Minnesota Timberwolves: Playing the Butler’s advocate
By Pat Hall
Player Leadership
Critics will say that the contracts were just the beginning but not the whole problem. That the problems really started when Butler requested the trade, missed opening practices, and started criticizing his teammates.
But consider this: Karl-Anthony Towns has been with the organization since 2015. Andrew Wiggins has been in Minnesota since 2014. Jimmy Butler? Just over a year. Wiggins and Towns, despite their young ages, should be the unquestioned leadership of this team. Minnesota has already made it clear with their contracts that these two players are the faces of the franchise.
The team is loaded with talent, and is better than an 8-seed even in the top-heavy West. The way that Wiggins and Towns played last year and so far this year, it’s clear that they are not playing up to their potential.

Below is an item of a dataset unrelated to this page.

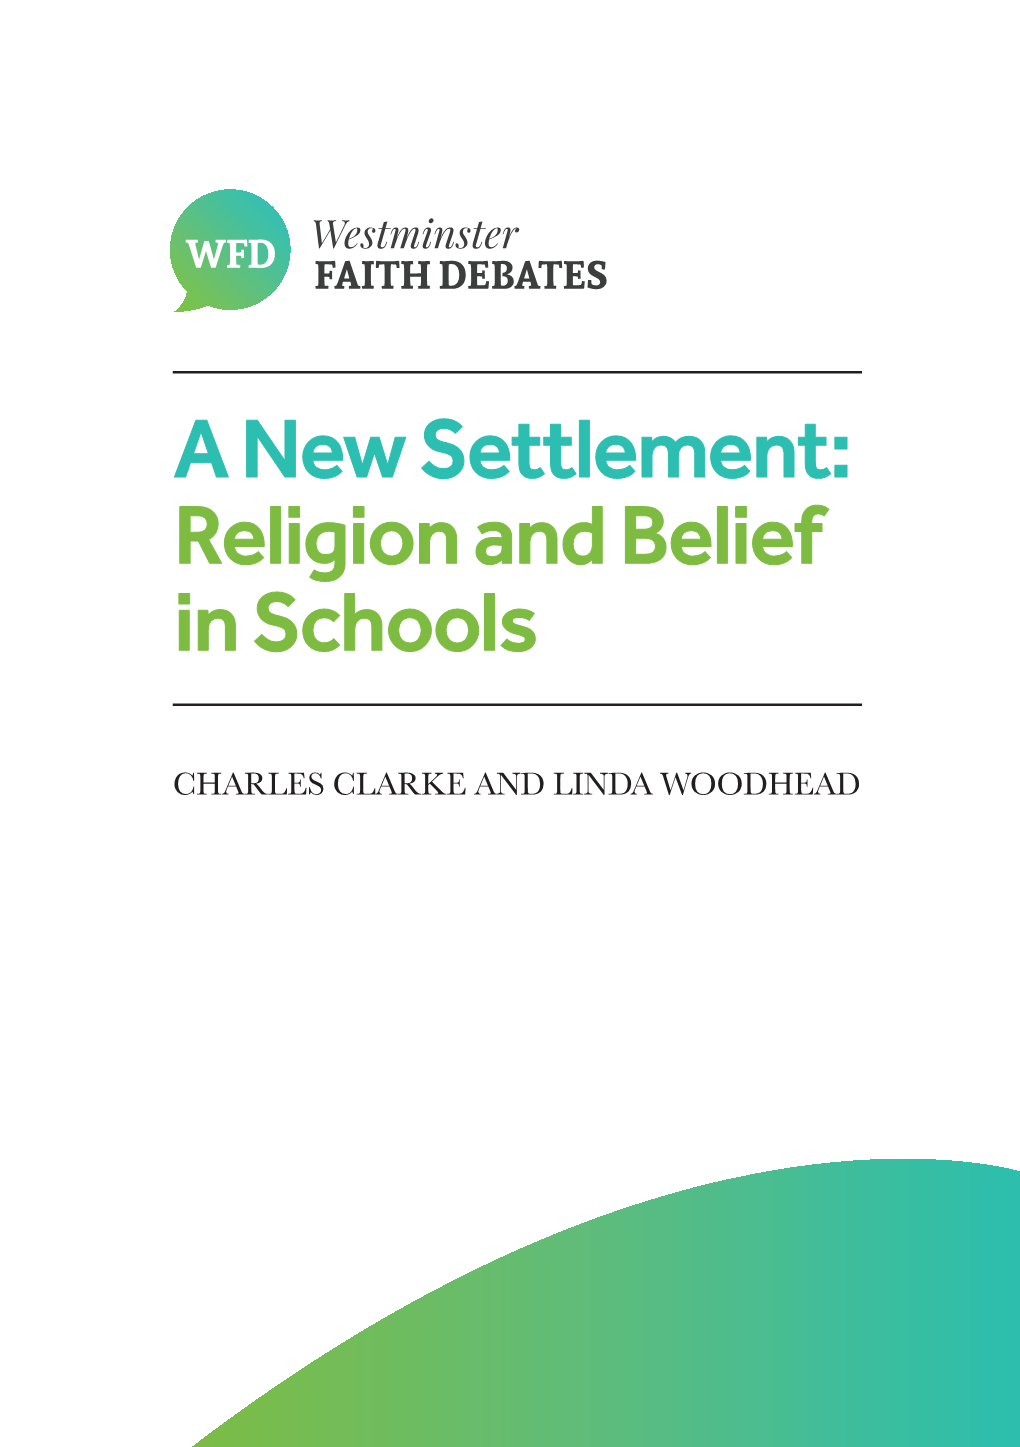 A New Settlement: Religion and Belief in Schools

At what point does one get frustrated over lack of leadership? Jimmy Butler was with the program long enough to wait for the leaders to step up, and those leaders seemed content with “same old, same old” through the summer and fall. Butler, at 29, doesn’t have time to play for the 8-seed, especially when looking around at a locker room containing Wiggins and Towns, veterans Derrick Rose, Jeff Teague, and Taj Gibson, and sky-is-the-limit rookie Josh Okogie, all led by a veteran coach Tom Thibodeau.
This team is capable of playing at home during the first round and Butler knows that. The silence from his teammates, the perceived complacency, could have been too much to keep Butler quiet.